Met up with a human buzz saw today. Her husband deserves any sympathy he receives.
A repeat client called a week ago about a job to cut five acres out of the west half of the southeast quarter of a section where we have had two simple jobs earlier in 2015. Had a bit of extra time one day so we stopped by and began to tie together the south line of said quarter section. Not as simple as it sounds, but not too bad. A couple days later we stop by to search for a bit more help and call the client. Ask if he can drop by to show us precisely which five acres to lay out around the house and a couple outbuildings. He says to go from the drive west of the house to the east line of the 80 and as far north as the south edge of some cropland. I tell him that's a lot more than five acres and that if they go all the way to the east line the survey bill will at least triple. He's tied up so says to just ask the seller what he wants to do.
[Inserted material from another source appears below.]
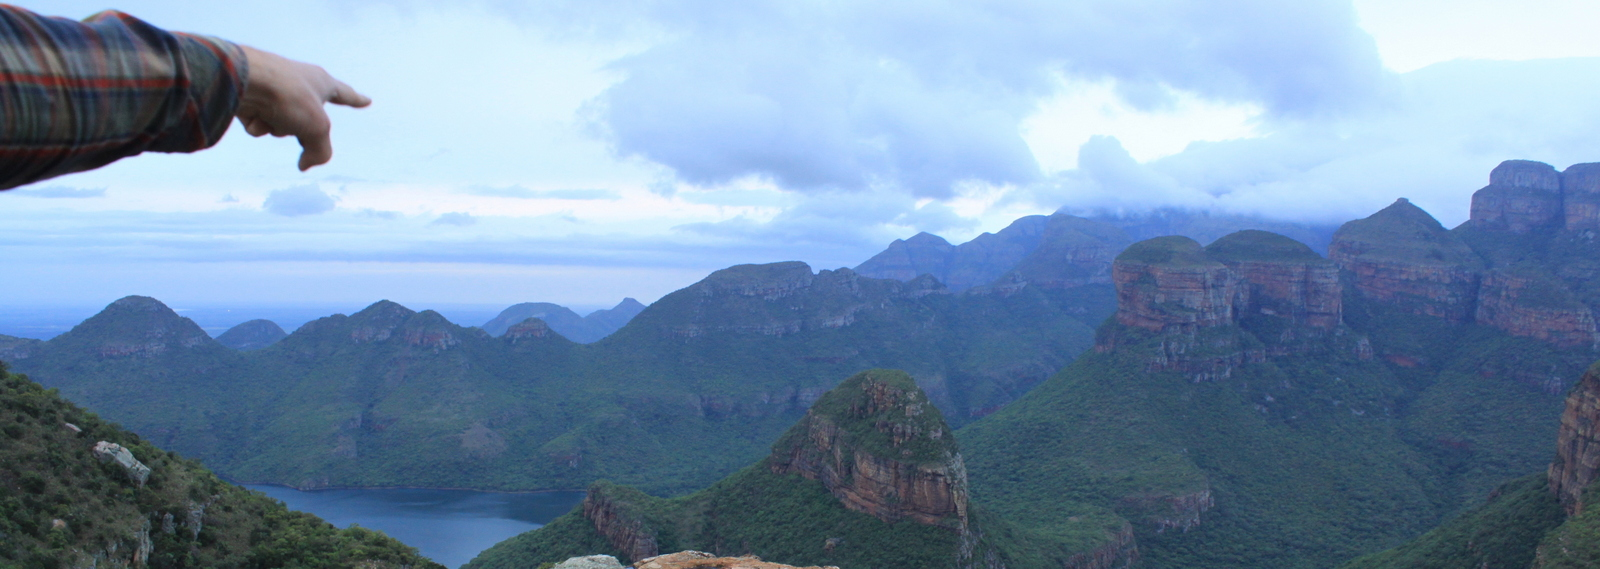 3 rondavels, Panoramaroute, Zuid Afrika
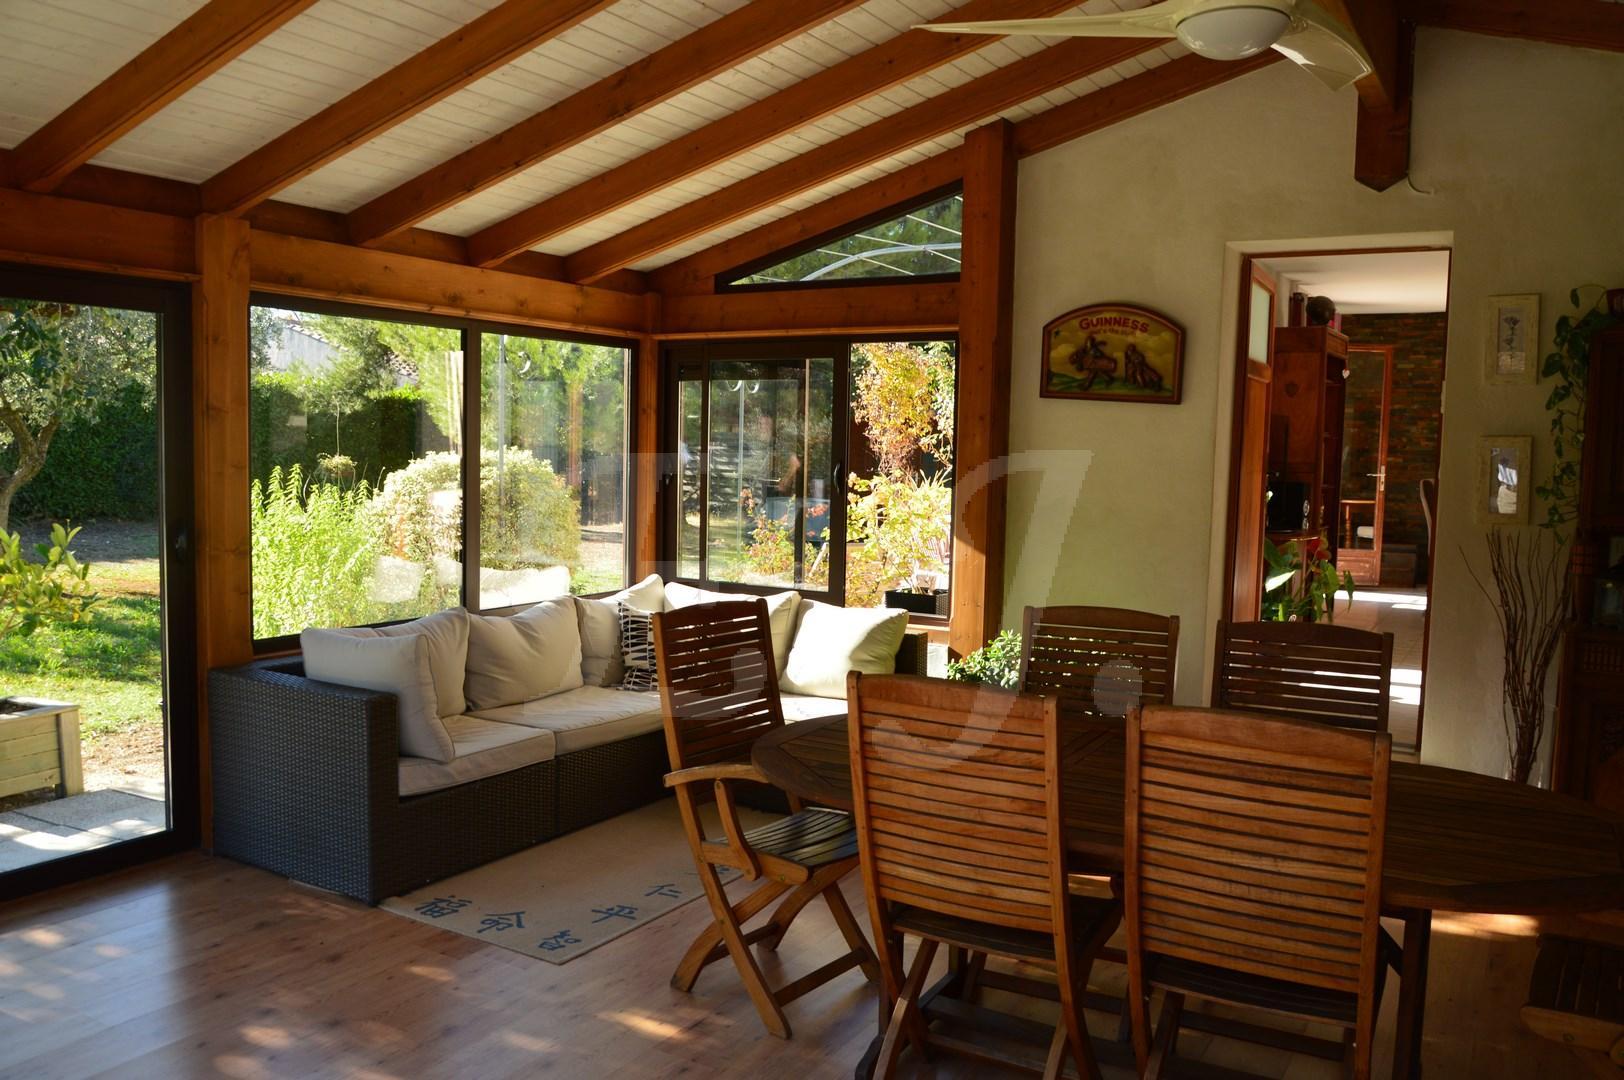 Vente Maison  T5 Cheval Blanc Au calme avec jardin et vue Luberon

We head to the house and see the owner and a couple of other guys in a convenient spot out by some farm equipment. He's really a nice guy. He tells us basically the same thing and I explain that what he is pointing out is more like eight or nine acres instead of five. He's a bit surprised but tells us to work out a preliminary plan or two and then he can decide what might be best. We gather plenty of data, including shots on either side of a small pond that could go with the house or with the farm land being sold.
We pull up today and begin to set up to tie in a couple more critical points. Next thing I know a red pickup is headed my way and I hear the horn honk to get my attention. Before it finishes rolling to a stop the guy's wife is jumping out of the passenger side and he says she wants to talk to us. "talk to us" is putting it very nicely. We were informed by her that it didn't matter what we might have been told previously but from here to the hedge row and back to the crop land is five acres and by G** that's what we were going to survey. I tried to be as nice as possible for the first 10 minutes as it became very apparent who wore the pants in that household. I attempted to explain that both parties had agreed to five acres and what she was wanting to do was more than eight acres. Well, I apparently got my license out of a cereal box because I definitely did not know how to measure out five acres. Besides, if we didn't make the hedge row the east line of the "five acres" it wouldn't be legal to sell it. Her husband asked her why it wouldn't be legal and ended up ducking back into the pickup and shutting the door to get away from her tirade. He gave me one of those looks that said, "I'm sorry" and waited for her to stop lecturing me.
This is gonna be a dandy!
I'm jealous.
I live for encounters such as you've described.
I probably would have let her get a little too close to me then given her my "drooling-mad-dog-guttural-shriek" while barring my teeth...works every time. I picked it up from Harpo Marx in one the Marx Bros. movies. Very effective.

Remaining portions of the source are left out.